À quoi sert un gouvernement politique s’il est incapable de redresser la situation économique ?
Un nouveau rapport de la Banque mondiale sur les entreprises de la région MENA (Moyen-Orient et Afrique du Nord) révèle que 83 % des entreprises marocaines opèrent dans le secteur informel.
Le rapport, intitulé de manière problématique « Comment le secteur privé peut-il stimuler la croissance au Moyen-Orient et en Afrique du Nord ? », pourrait être reformulé ainsi : « Comment le secteur privé peut-il stimuler la croissance au Maroc ? »
Ce n’est pas par excès que nous avons abordé la question du lien entre gouvernement politique et économie, sachant que, selon Karl Marx, « la politique est l’expression concentrée de l’économie ». Il ne s’agit pas d’un simple gouvernement de gestion des affaires courantes, mais d’un gouvernement politique censé porter une véritable vision économique.
Notre gouvernement dispose certes d’une vision économique, mais celle-ci sert principalement « un regroupement de grands intérêts économiques ». C’est pourquoi les ministères créés à plusieurs reprises autour de l’économie sociale et des petites entreprises n’ont pas atteint leurs objectifs. À tel point qu’on avait surnommé un ministre « le ministre des marchés aux puces ». Ce n’est pas le concept de marché aux puces en lui-même qui pose problème, mais bien la prédominance d’une économie de type « marché aux puces ».
Ce modèle économique, qui domine aujourd’hui les entreprises au Maroc, n’est pas productif et ne le sera jamais. Il s’agit d’une économie de subsistance qui suffit à faire vivre des familles — et à enrichir quelques-unes — mais qui ne contribue pas à la productivité globale, c’est-à-dire au Produit Intérieur Brut.
Un pays comme le Maroc, engagé dans de grands projets et sur le point d’accueillir des événements internationaux majeurs, vit en réalité en dehors de l’histoire économique contemporaine.
Ce n’est donc pas une exagération d’affirmer que nous sommes au seuil d’un « AVC économique », car la part des entreprises qui contribuent effectivement à la production, et donc au financement du Trésor public, ne dépasse pas 17 %.
Il ne s’agit pas ici d’appeler à frapper l’économie informelle, mais bien de chercher des solutions structurelles et durables.
Cependant, l’observation du terrain montre que non seulement le gouvernement n’a pas œuvré à trouver des solutions pour l’économie informelle, mais qu’il a, par ses mesures incohérentes servant les grands intérêts économiques, favorisé l’expansion de ce type d’économie.

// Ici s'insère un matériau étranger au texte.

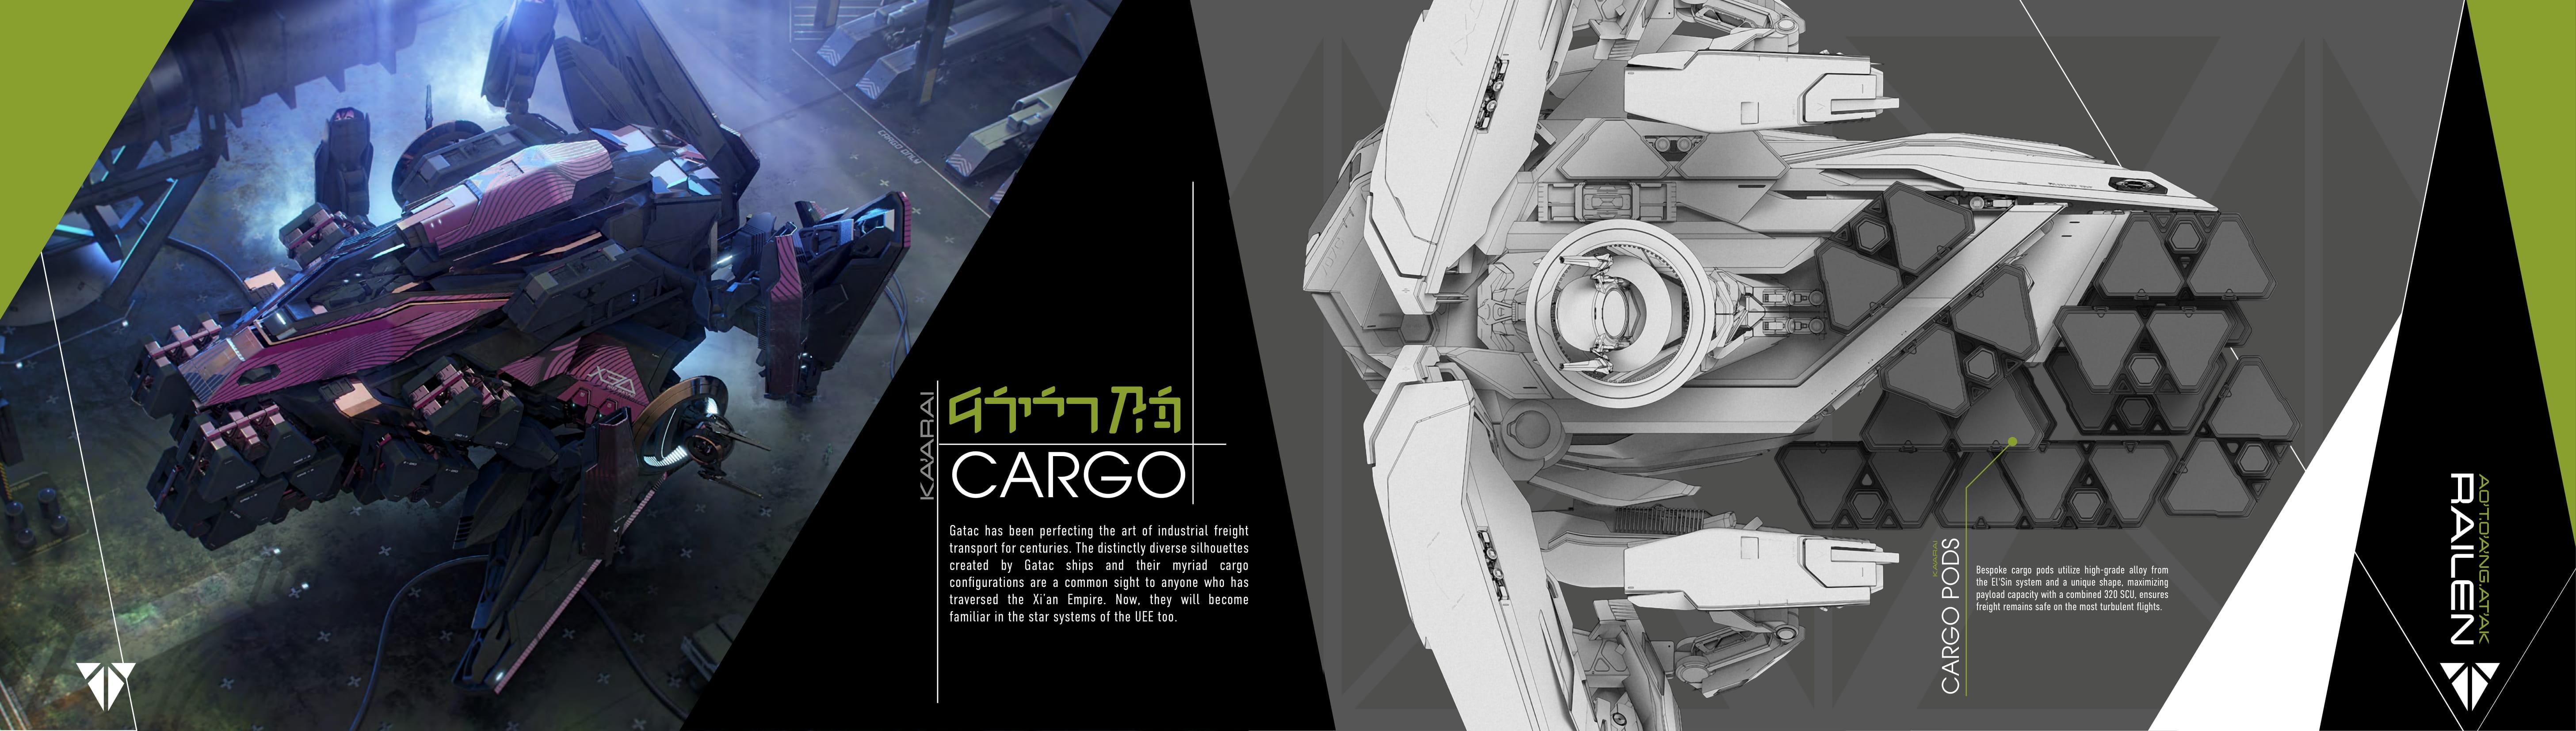 Xian_cargo_brochure-11

La lutte contre l’économie informelle nécessite une véritable politique d’intégration, avec une implication massive de l’État en matière de financement, d’accompagnement et de soutien, des mesures qui, malheureusement, se sont transformées en rentes pour les grandes entreprises, ne laissant que des miettes aux petits entrepreneurs.
Trois facteurs principaux expliquent l’échec de l’intégration de l’économie informelle, voire l’amplification de son ampleur :
Premièrement, l’échec de l’expérience de l’auto-entrepreneur, pour plusieurs raisons : manque de communication sur le dispositif, perception par les citoyens qu’il s’agit simplement d’un moyen supplémentaire de taxation, absence d’encouragement gouvernemental pour soutenir les auto-entrepreneurs, et soutien folklorique apporté à certaines familles, ce qui a découragé de nombreux candidats potentiels par crainte de voir leur « indice » fiscal grimper.
Deuxièmement, l’asphyxie des petites et moyennes entreprises par des mesures inéquitables, avec la fermeture annuelle de centaines, voire de milliers de structures.
Troisièmement, la domination des grandes entreprises ou des consortiums d’intérêts sur l’emploi au Maroc, ce qui signifie une absence de répartition équitable des richesses, car la production elle-même est monopolisée. Cela touche tous les secteurs, y compris les médias, où l’inégalité dans la répartition de la publicité est flagrante. Idem pour le secteur du bâtiment, où les « gros poissons » écrasent le marché.
En résumé, une économie où seulement 17 % des entreprises opèrent dans le secteur formel est une économie au bord de l’effondrement.